Thoughts of a geek

21 November 2011

Blog it more

Filed under: Photos, Travel — Tags: , , , , — qwandor @ 11:28 am

I guess I should continue the no-doubt-fascinating story of my life, starting back at the beginning of September where I left off. I got back from Spain on Sunday 4th September, and straight back into work as usual. The following weekend was the Thames Festival, which happens each year along the Southbank, with four zones of music, dancing, stalls, performances and all sorts of things from noon until midnight or so on both Saturday and Sunday. I went for some of the Saturday, which was enjoyable. Swing Patrol was running various things on an outdoor dancefloor with various DJs and bands, including some performances which were interesting to watch, and free beginners’ lessons for the public. I also managed to get a little bit of dancing in which was nice. And there was plenty of other things going on, making it a particularly good afternoon to just wander along the Southbank. That Saturday evening my flatmate Donna had her 40th birthday party in a bar near our flat, with an open mic night. She has quite a few talented friends who sang or played various songs, plus poetry readings which were not so much my thing.

I had a pizza and pancake party on the 18th, which was fun despite not that many people coming. We made all sorts of interesting flavoured pizzas, including a dessert pizza with custard and many different sorts of fruit, and so in the end everyone was too full for pancakes. Well, maybe next time?
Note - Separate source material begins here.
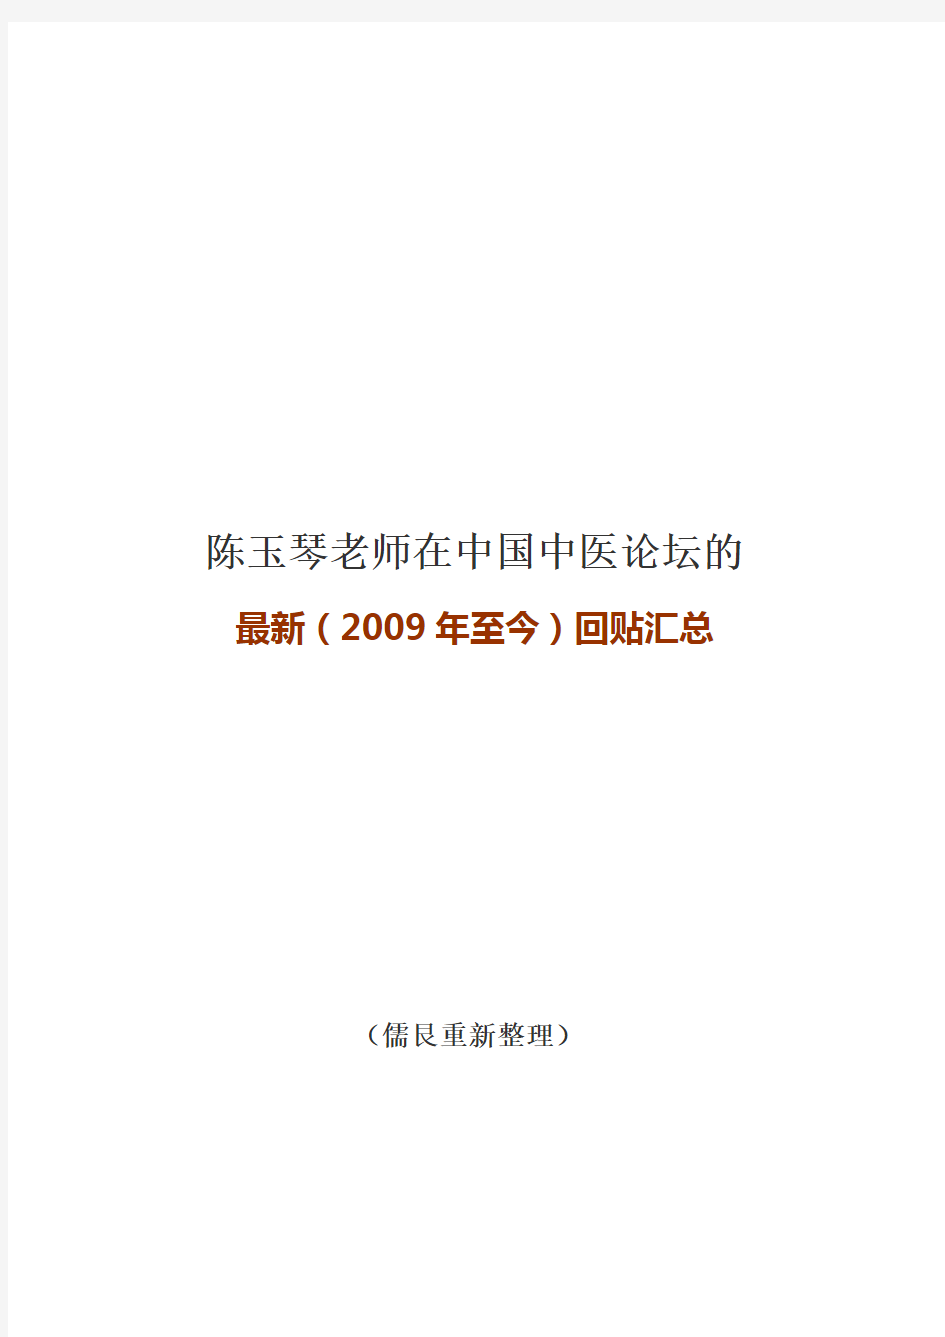 陈玉琴老师在中国中医论坛的最新(2009年至今)回贴汇总

From Pizza & pancake party

My birthday was rather uneventful, as I could not find any friends to hang out with in the end. This was partly my fault due to not planning anything very far in advance, as people are always busy and booked up here. My flatmates made me breakfast and gave me a card and some gifts though, which was unexpected and pleasant. And I went out by myself in the evening rather than staying at home by myself, which I guess is an improvement.

I went to Paris for the first weekend of October, which was enjoyable. My friend Matthew was going over that weekend to stay with his parents, and had invited me to join him, so we took the Eurostar over after work on the Friday night. I stayed for two nights as I had to get back for work on Monday, while he stayed a bit longer. Unfortunately he had an overdue report for his PhD which he ended up having to work on all weekend so I was mostly on my own exploring the city, but it was still fun to see a bit more of Paris, and to meet his parents and various siblings, who were all cool. The weather was perfect too, clear and sunny the whole time. It happened that the Saturday night I was there was the annual ‘Nuit Blanche’ (White Night), an all-night arts festival with various installations and performances running from 7:00 pm until 7:00 am on Sunday. Neither of us had the energy to stay up that late, and there were massive queues for many things, but we saw a few things after dinner until around midnight.

Paris, take 2: The Petit Palais

The following weekend (well, Friday 7th October) I flew over to Sweden for a week travelling around. I spent the first few nights in Uppsala staying with a kiwi friend of mine (Charlotte) who is over there on exchange at Uppsala University, and meeting a bunch of other international students there. Although I saw lots of interesting things around the place during the week, I think the evenings in Uppsala hanging out with a bunch of cool people from all over the world were my favourite. And I got to bake for them, which I do not get to do nearly enough of! I made the ever-popular chocolate fudge pudding, a giant muffin-cake for lack of muffin trays, and pancakes another night. One night we made pizza together, which is always fun and tasty. I am getting the impression that pizza is the Polish national dish, at least several of my Polish friends like making it. Around the dinner table we had a couple of Germans, a couple of Americans, a couple of Polish people, the two of us Kiwis, and later a Chinese girl. All good fun sorts.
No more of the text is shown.